The three-stage, 17-metre tall, two-metre wide Agni-5 is capable of carrying a nuclear warhead of about 1.5 tonnes. Agni 5 is a fire and forget missile, which once fired cannot be stopped, except by an interceptor missile which only the US, Russia and Israel have.
The missile was tested from Abdul Kalam Island off the Odisha coast. Describing the trial as "fully successful", sources told Press Trust of India that the sophisticated missile travelled for 19 minutes and covered 4,900 km.
The Agni-5 was last tested on December 26, 2016. The first two successful flights of Agni-5 in 2012 and 2013 were in open configuration.
The missile will eventually join the arsenal of the tri-Service Strategic Forces Command.

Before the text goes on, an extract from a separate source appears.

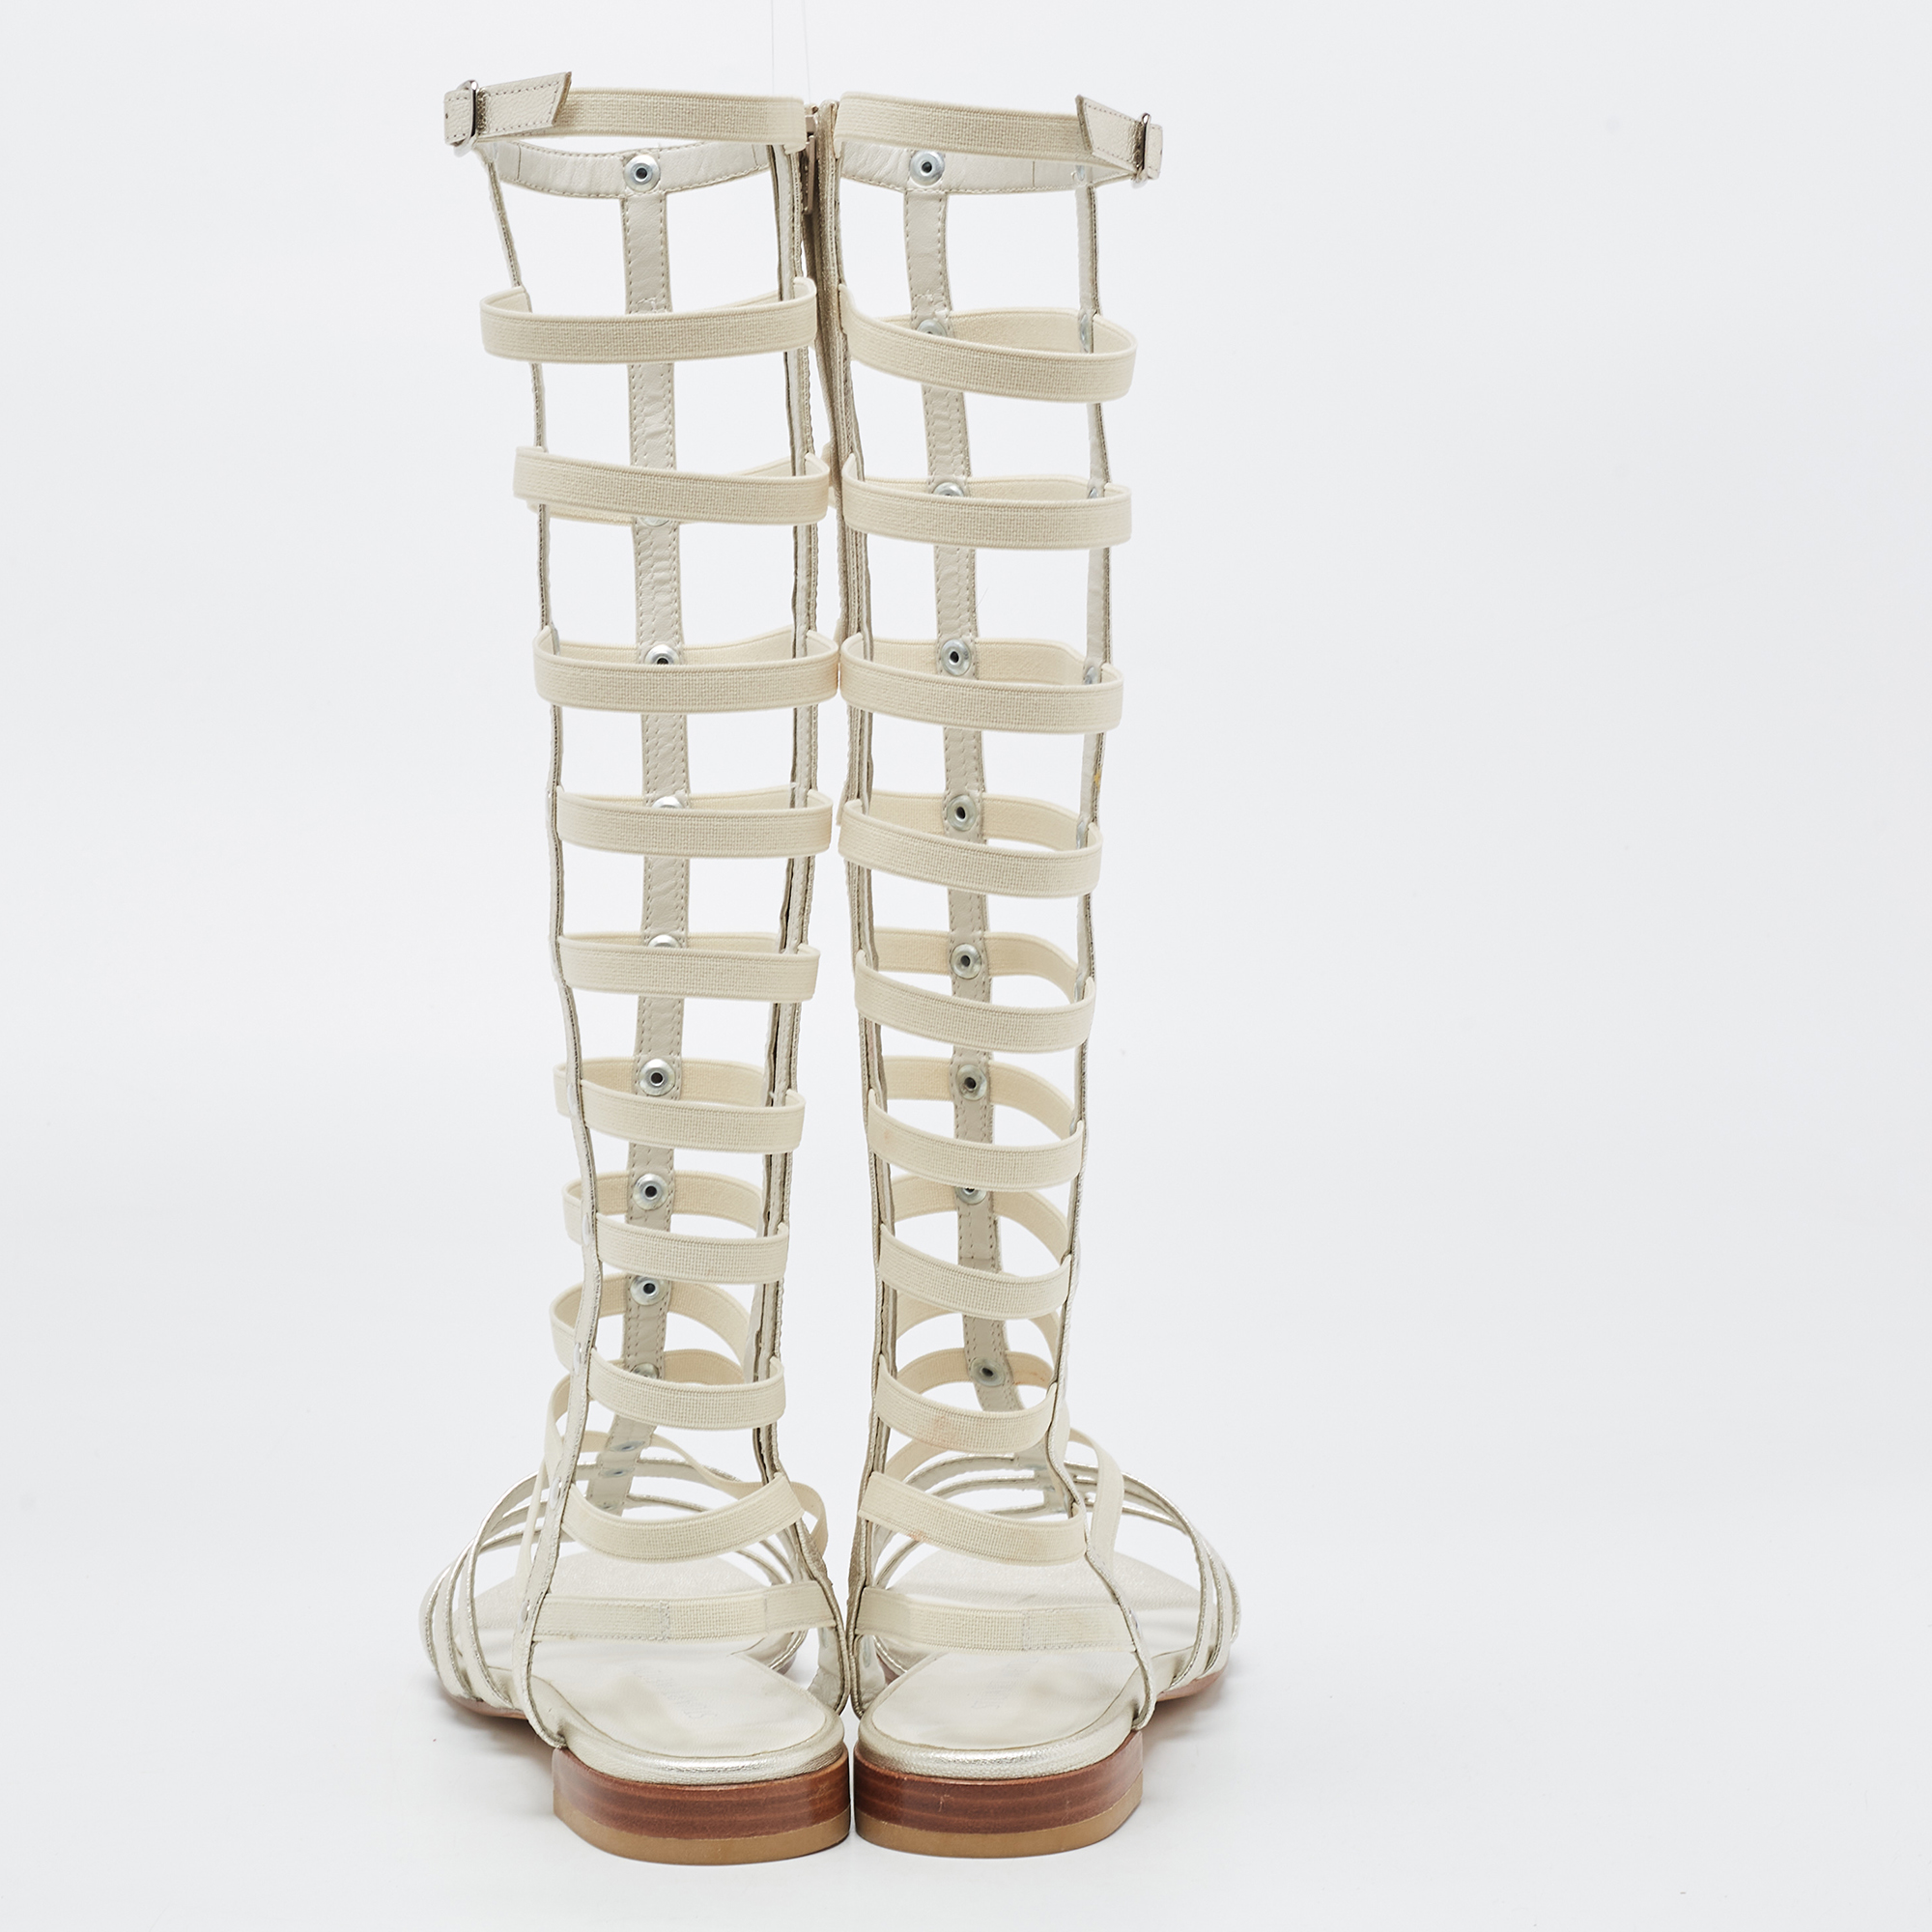 Stuart Weitzman Silver Leather And Elastic Gladiator Flat Sandals Size 36

With Agni-5, India will join the super-exclusive club of countries with ICBMs or intercontinental ballistic missiles (with a range of over 5,000-5,500 km); the others are the US, Britain, Russia, China and France.
The missile is programmed in a way that after reaching the peak of its trajectory it will turn towards Earth to continue its journey towards the intended target with an increased speed due to the attraction of the earth's gravitational pull, an official of the Defence Research and Development Organization told PTI.

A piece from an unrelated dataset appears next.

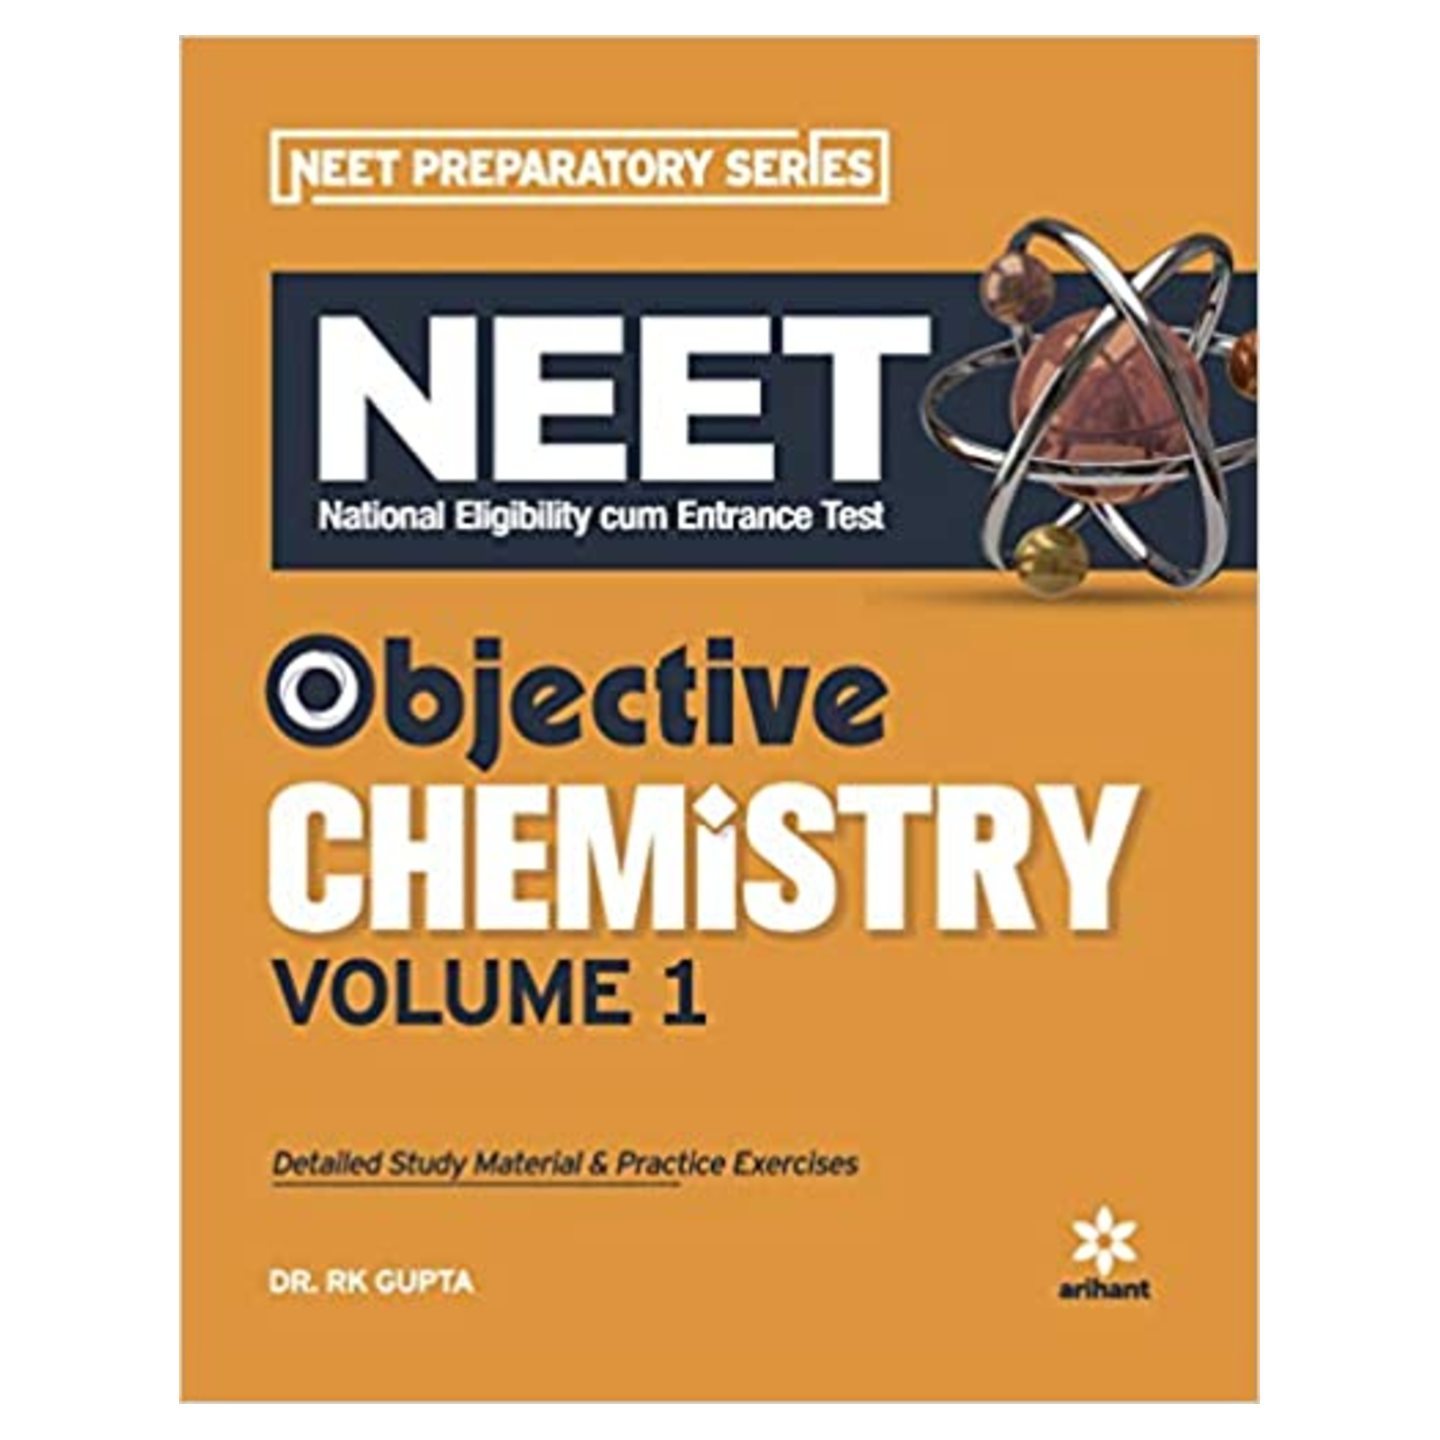 ARIHANT Objective Chemistry for NEET - Vol. 1 RK GUPTA

The missile can be deployed from mobile launchers and can even be hidden in a railway wagon. What makes it a great asset for India's second strike capability in case of a nuclear war, Agni-5 can be launched from anywhere and anytime.
If required, Agni-5 can also be used to target satellites as an anti-satellite weapon and can also be used to launch Indian satellites in hostile circumstances.
India has at present in its armoury of Agni series, Agni-1 with 700 km range, Agni-2 with 2000 km range, Agni-3 and Agni-4 with 2500 km to more than 3500km range.